Stanley Manne Children's Research Institute, Cancer Biology and Epigenomics Program, Northwestern University Feinberg School of Medicine, Robert H. Lurie Comprehensive Cancer Center, Chicago, Illinois.
SerPlus Technology LLC, Belmont, California.
Mol Cancer Res. 2014 Oct;12(10):1480-91. doi: 10.1158/1541-7786.MCR-14-0067. Epub 2014 Sep 25.

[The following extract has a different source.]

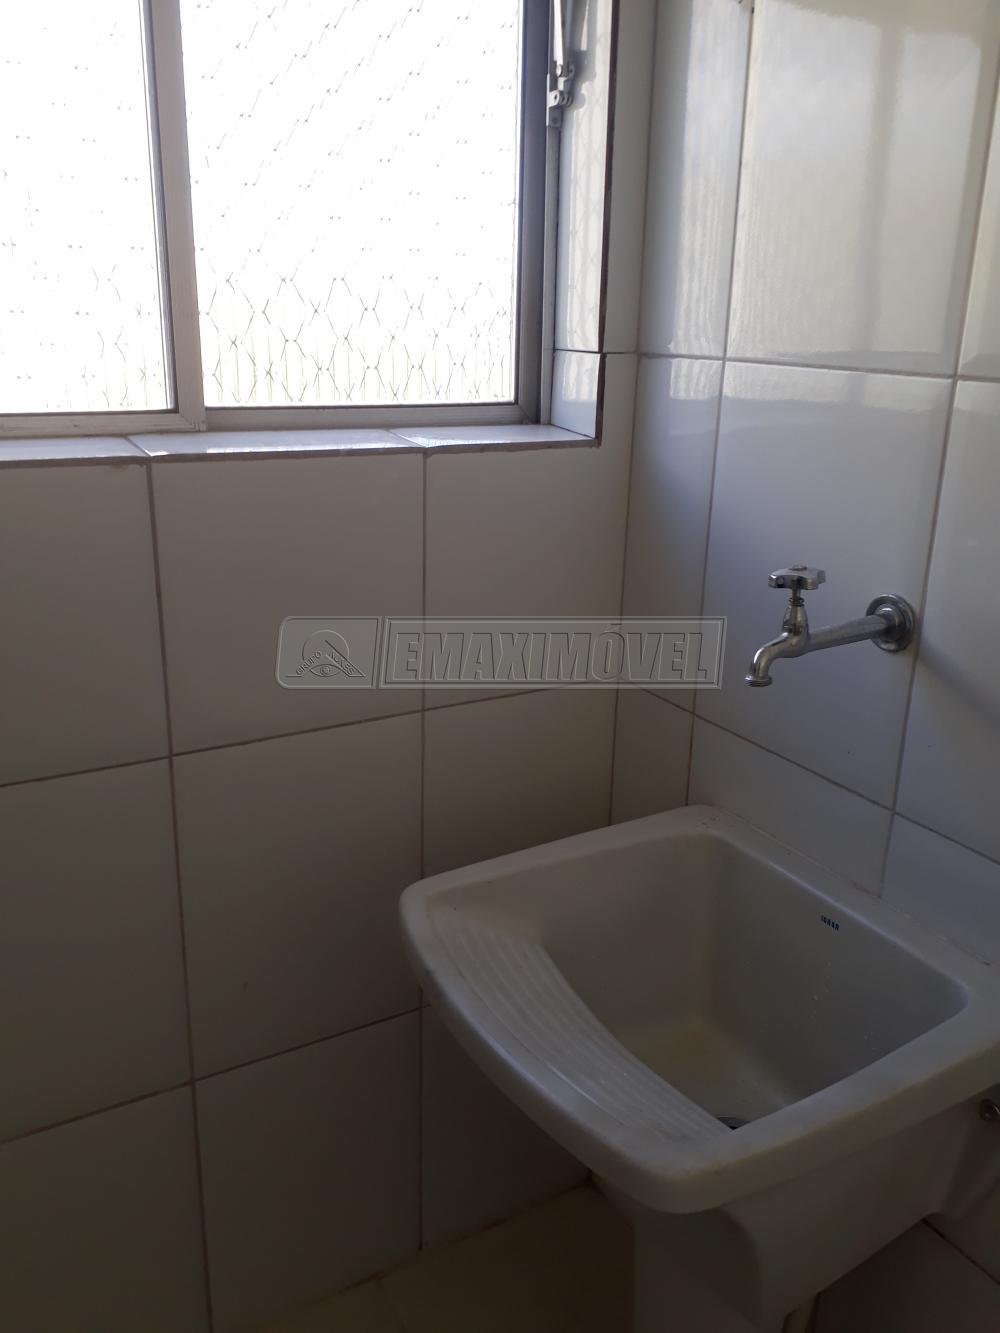 Alugar Apartamentos / Apto Padrão em Sorocaba apenas R$ 500,00 - Foto 23
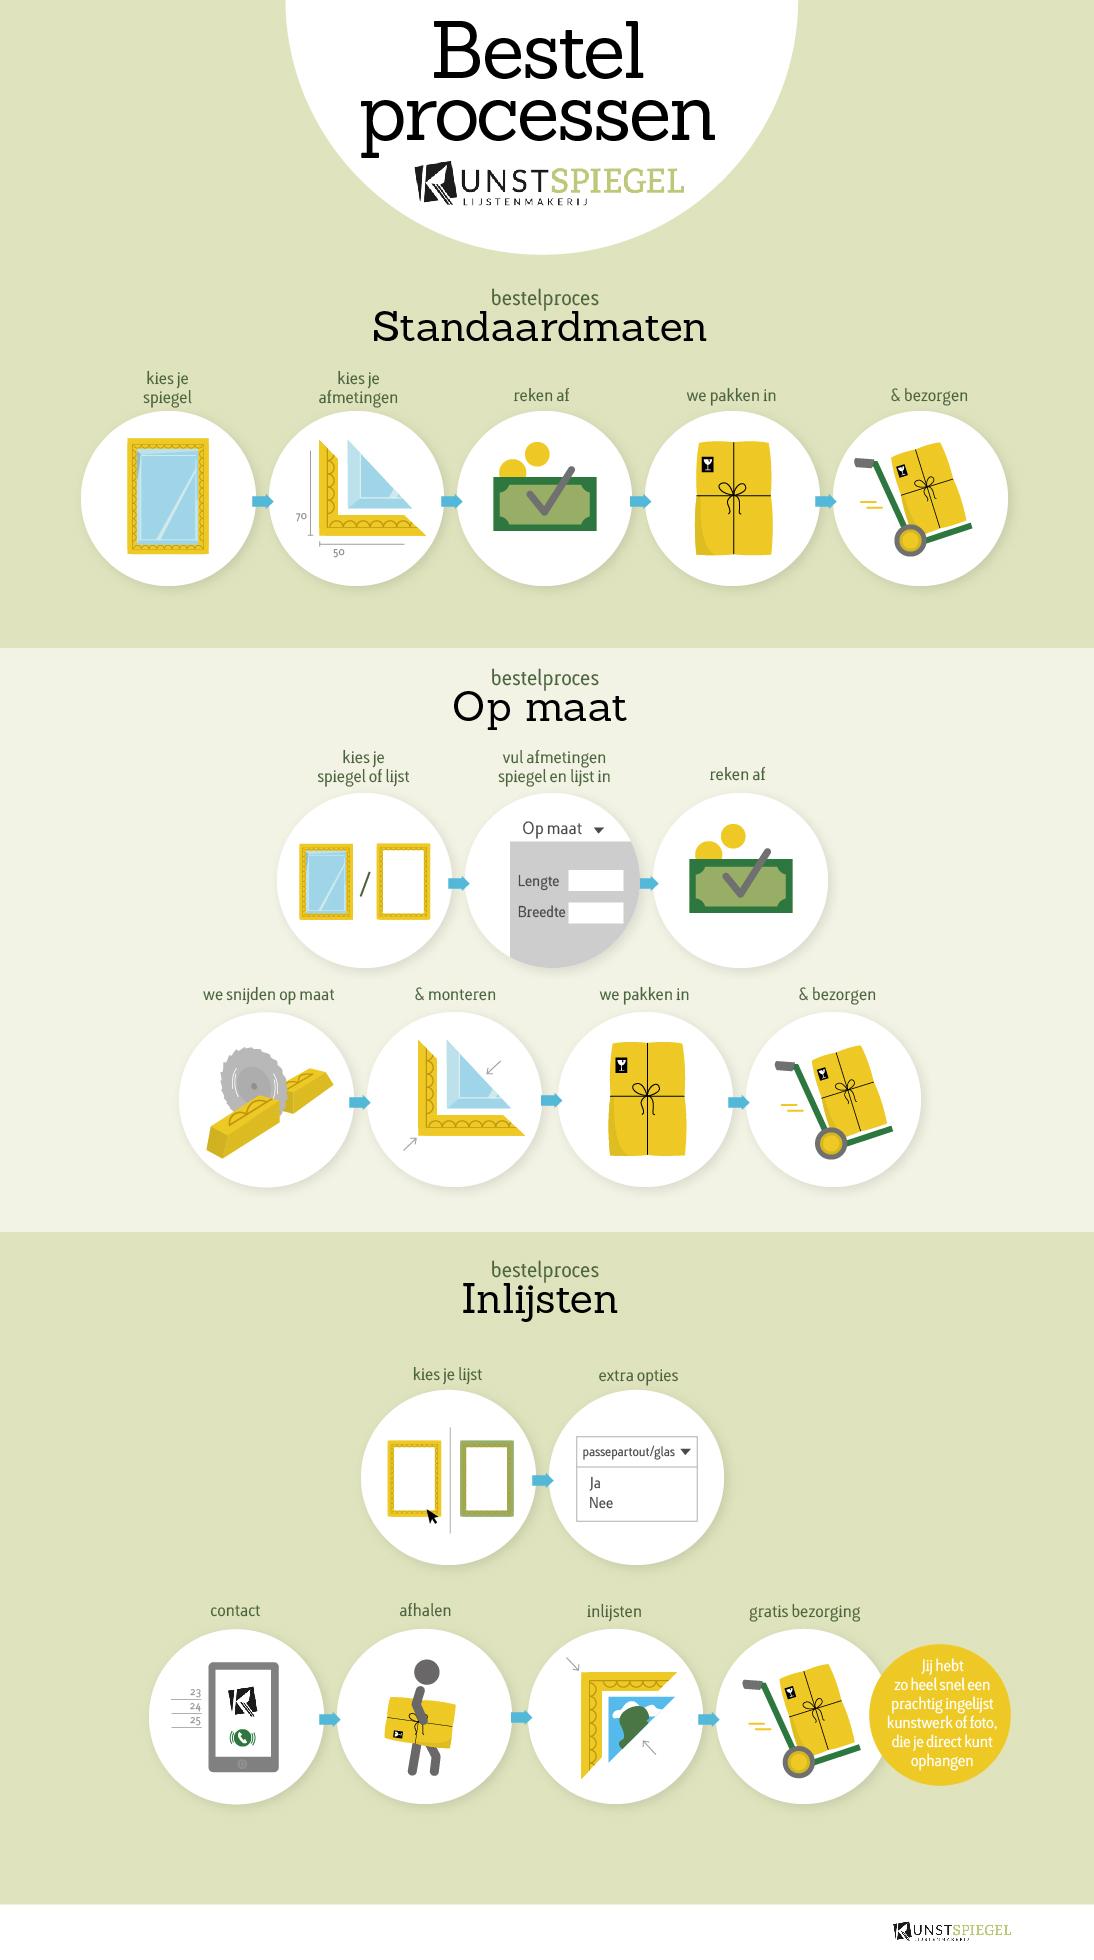 Bestelprocessen-van-KunstSpiegel-infographic

Patients with metastatic disease face high rates of mortality with a paucity of therapeutic options. Protein-based therapeutics provide advantages over traditional chemotherapy through increased specificity, decreased immune impairment, and more direct means of delivery. However, development is often hindered because of insufficient knowledge about protein processing by cells when exogenously applied. This study focuses on recombinant Maspin (rMaspin), a serine protease inhibitor (SERPINB5), which alters invasive properties when directly applied to cancer cells. Previous evidence suggests differences in the effects of rMaspin treatment when compared with endogenous reexpression, with little explanation for these discrepancies. A leading hypothesis is that exogenously applied rMaspin is subject to different regulatory and/or processing mechanisms in cancer cells when compared with endogenous expression. Therefore, a more detailed understanding of the mechanisms of internalization and subcellular trafficking of rMaspin is needed to guide future translational development. We describe the molecular trafficking of rMaspin in cytoplasmic vesicles of the endosomal/lysosomal pathway and characterize its uptake by multiple endocytic mechanisms. Time-lapse laser scanning confocal microscopy shows the uptake, in real time, of dye-labeled rMaspin in cancer cells. This study indicates that cellular processing of rMaspin plays a key role by affecting its biologic activity and highlights the need for new approaches aimed at increasing the availability of rMaspin when used to treat cancer.
Novel characterization of internalization and subcellular trafficking of rMaspin provides new insights for future therapeutic development.
转移性疾病患者死亡率高,治疗选择有限。蛋白质治疗药物通过提高特异性、降低免疫损伤和更直接的给药方式提供了优于传统化疗的优势。然而,由于对外源性应用时细胞对蛋白质的加工了解不足,开发常常受到阻碍。本研究关注重组 Maspin(rMaspin),一种丝氨酸蛋白酶抑制剂(SERPINB5),当直接应用于癌细胞时会改变其侵袭特性。先前的证据表明,与内源性重新表达相比,rMaspin 治疗的效果存在差异,但对这些差异的解释很少。一个主要假设是,与内源性表达相比,外源性应用的 rMaspin 在癌细胞中受到不同的调节和/或加工机制的影响。因此,需要更详细地了解 rMaspin 的内化和细胞内转运机制,以指导未来的转化发展。我们描述了 rMaspin 在胞质小泡的内体/溶酶体途径中的分子转运,并对其通过多种内吞作用机制的摄取进行了表征。实时激光扫描共聚焦显微镜显示了染料标记的 rMaspin 在癌细胞中的实时摄取。这项研究表明,rMaspin 的细胞内加工通过影响其生物学活性起着关键作用,并强调需要新的方法来增加 rMaspin 的可用性,以用于治疗癌症。
对 rMaspin 的内化和细胞内转运的新特征为未来的治疗发展提供了新的见解。